Assignment:
Below are the records; copy exactly the stretch from the line containing "Thread 000-120 class 2 thread" through the line containing "Price is for", both ends included, and nothing else.

Given records:
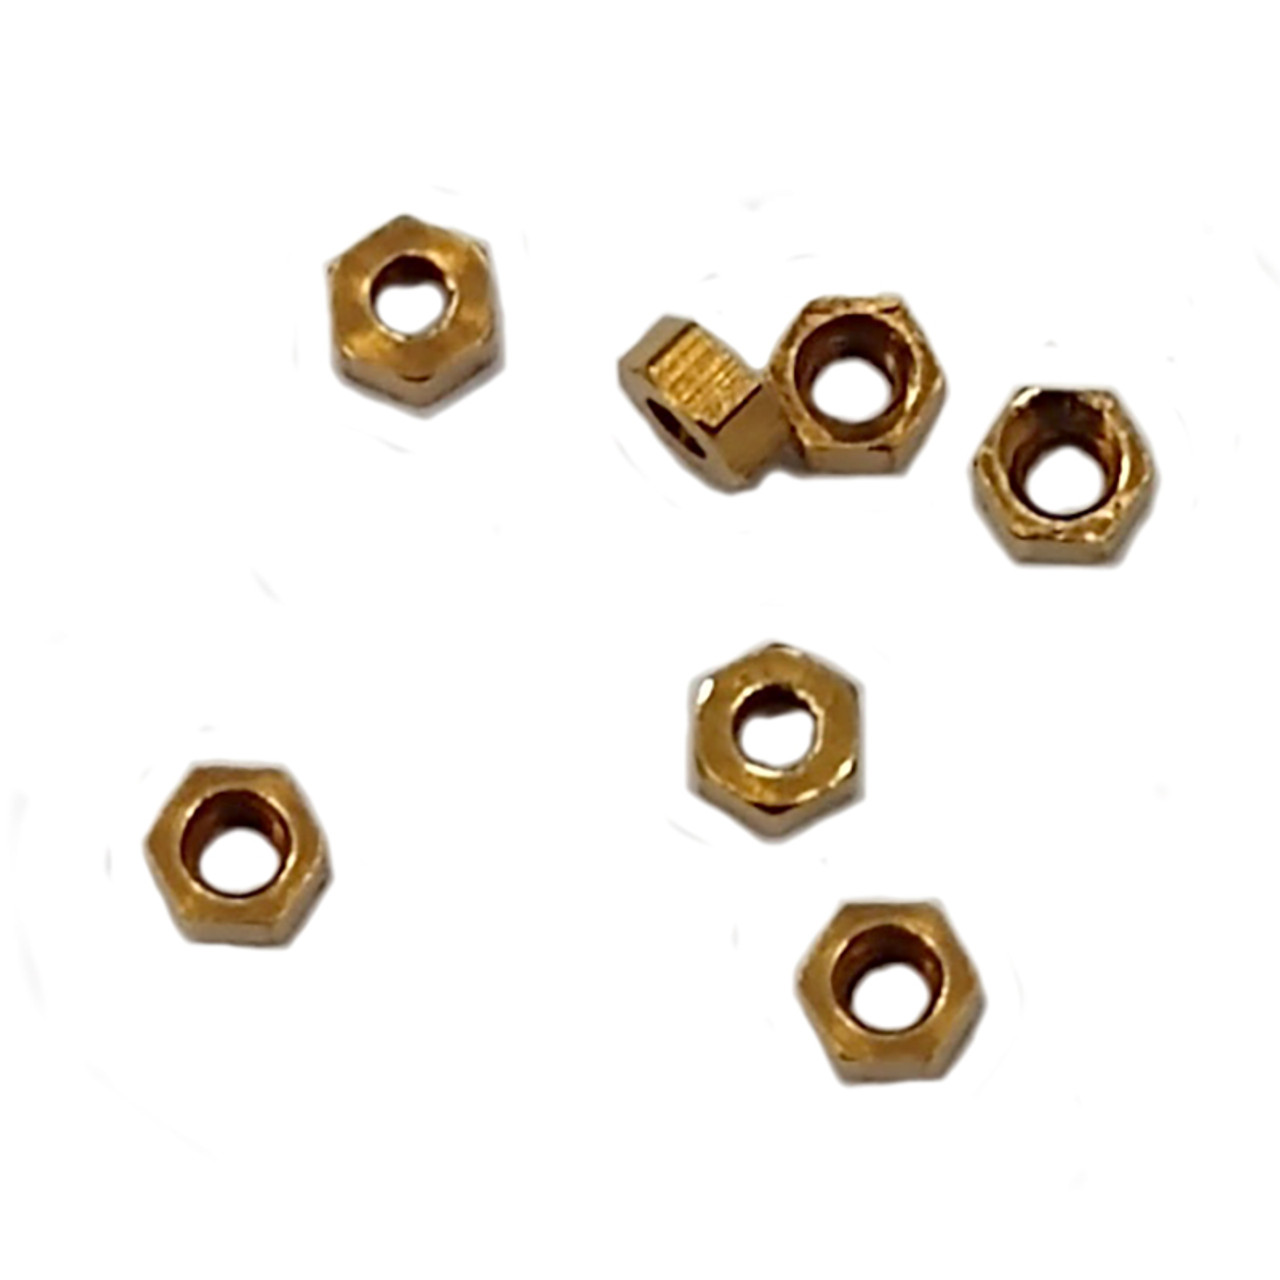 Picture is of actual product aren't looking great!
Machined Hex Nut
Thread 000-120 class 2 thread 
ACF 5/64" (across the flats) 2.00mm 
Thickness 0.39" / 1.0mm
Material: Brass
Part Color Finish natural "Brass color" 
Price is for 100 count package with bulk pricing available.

==

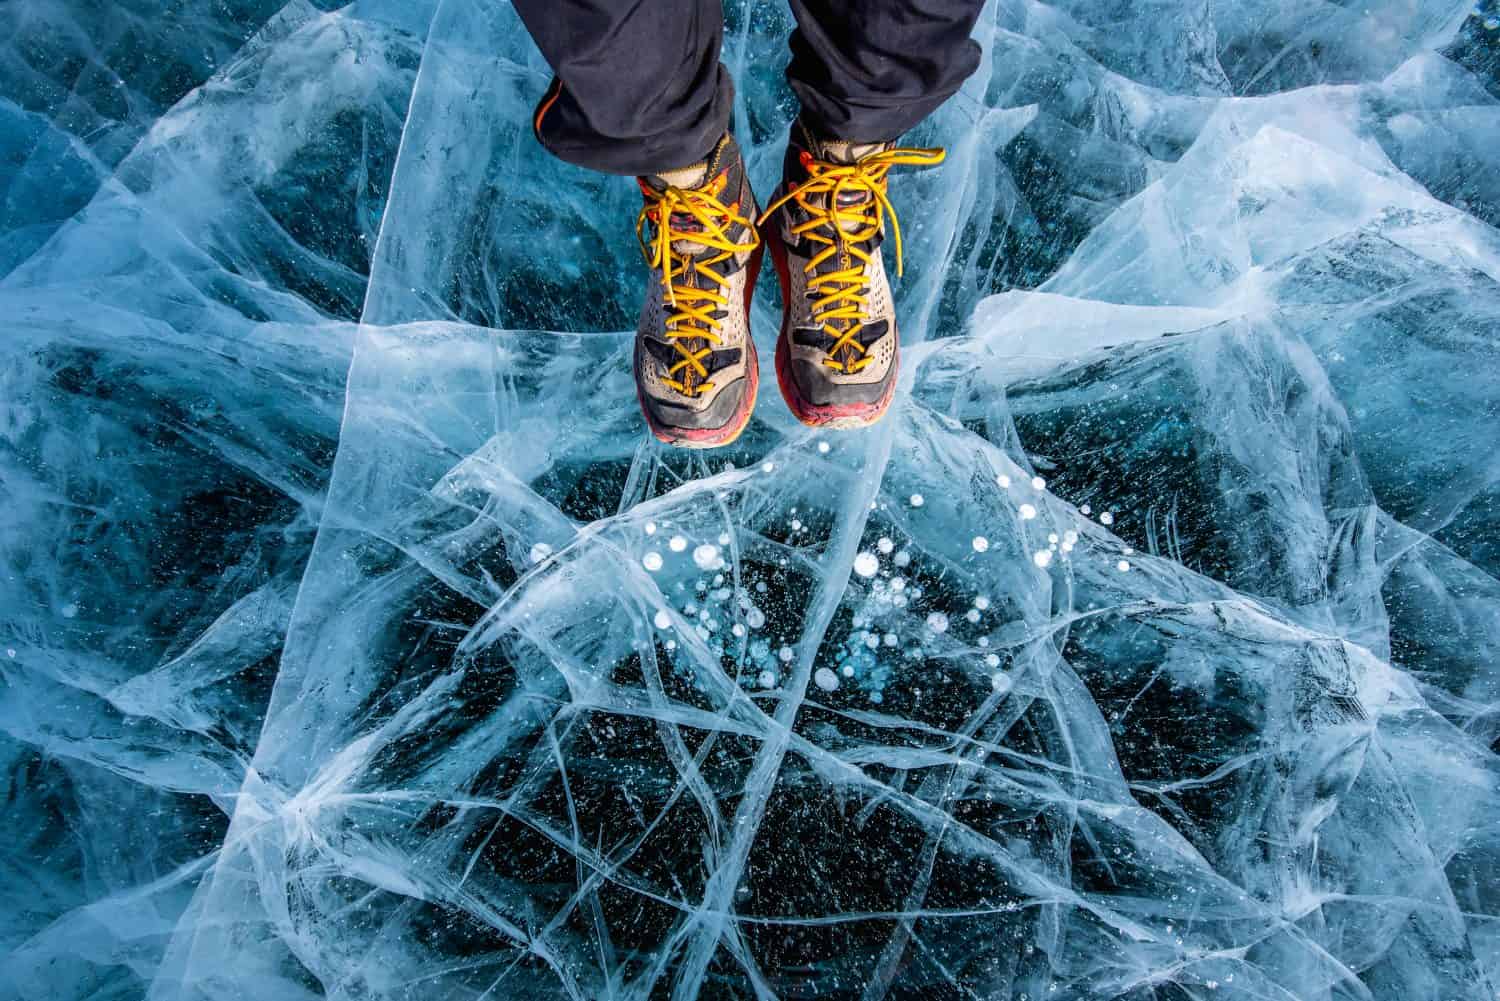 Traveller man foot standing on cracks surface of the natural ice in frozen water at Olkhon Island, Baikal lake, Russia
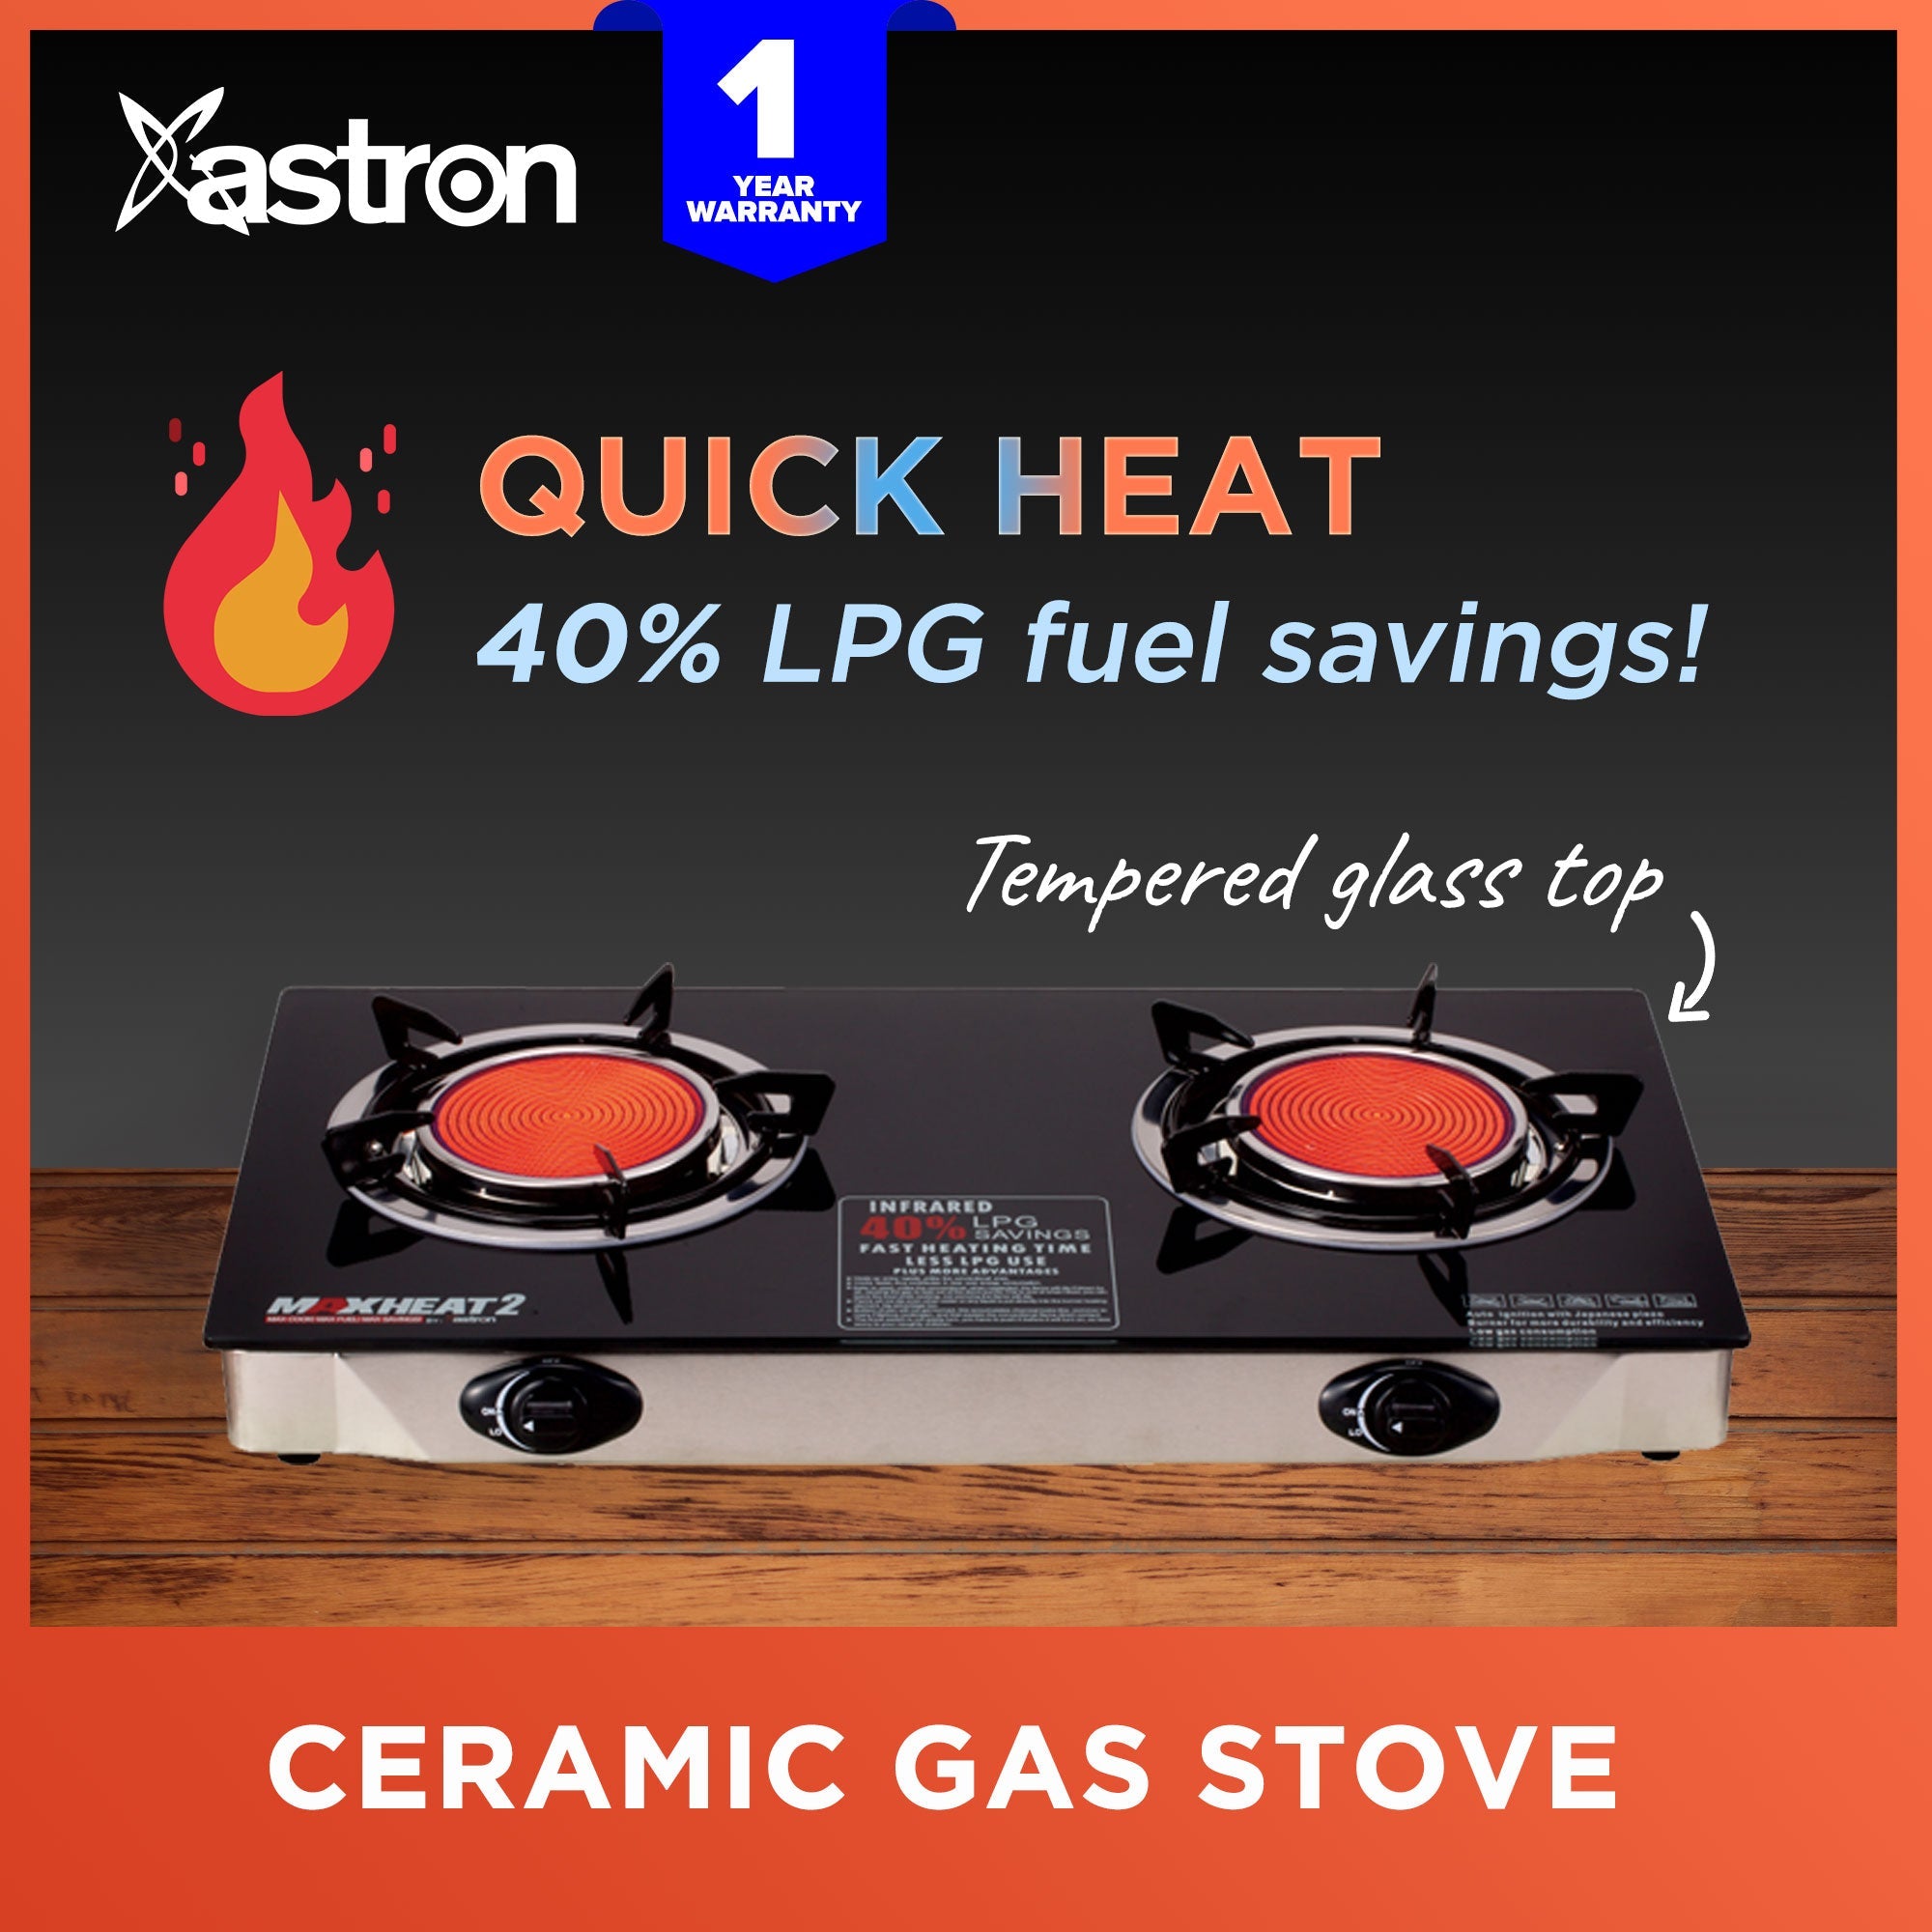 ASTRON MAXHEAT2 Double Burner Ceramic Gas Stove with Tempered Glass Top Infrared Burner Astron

Written answer:
Thread 000-120 class 2 thread 
ACF 5/64" (across the flats) 2.00mm 
Thickness 0.39" / 1.0mm
Material: Brass
Part Color Finish natural "Brass color" 
Price is for 100 count package with bulk pricing available.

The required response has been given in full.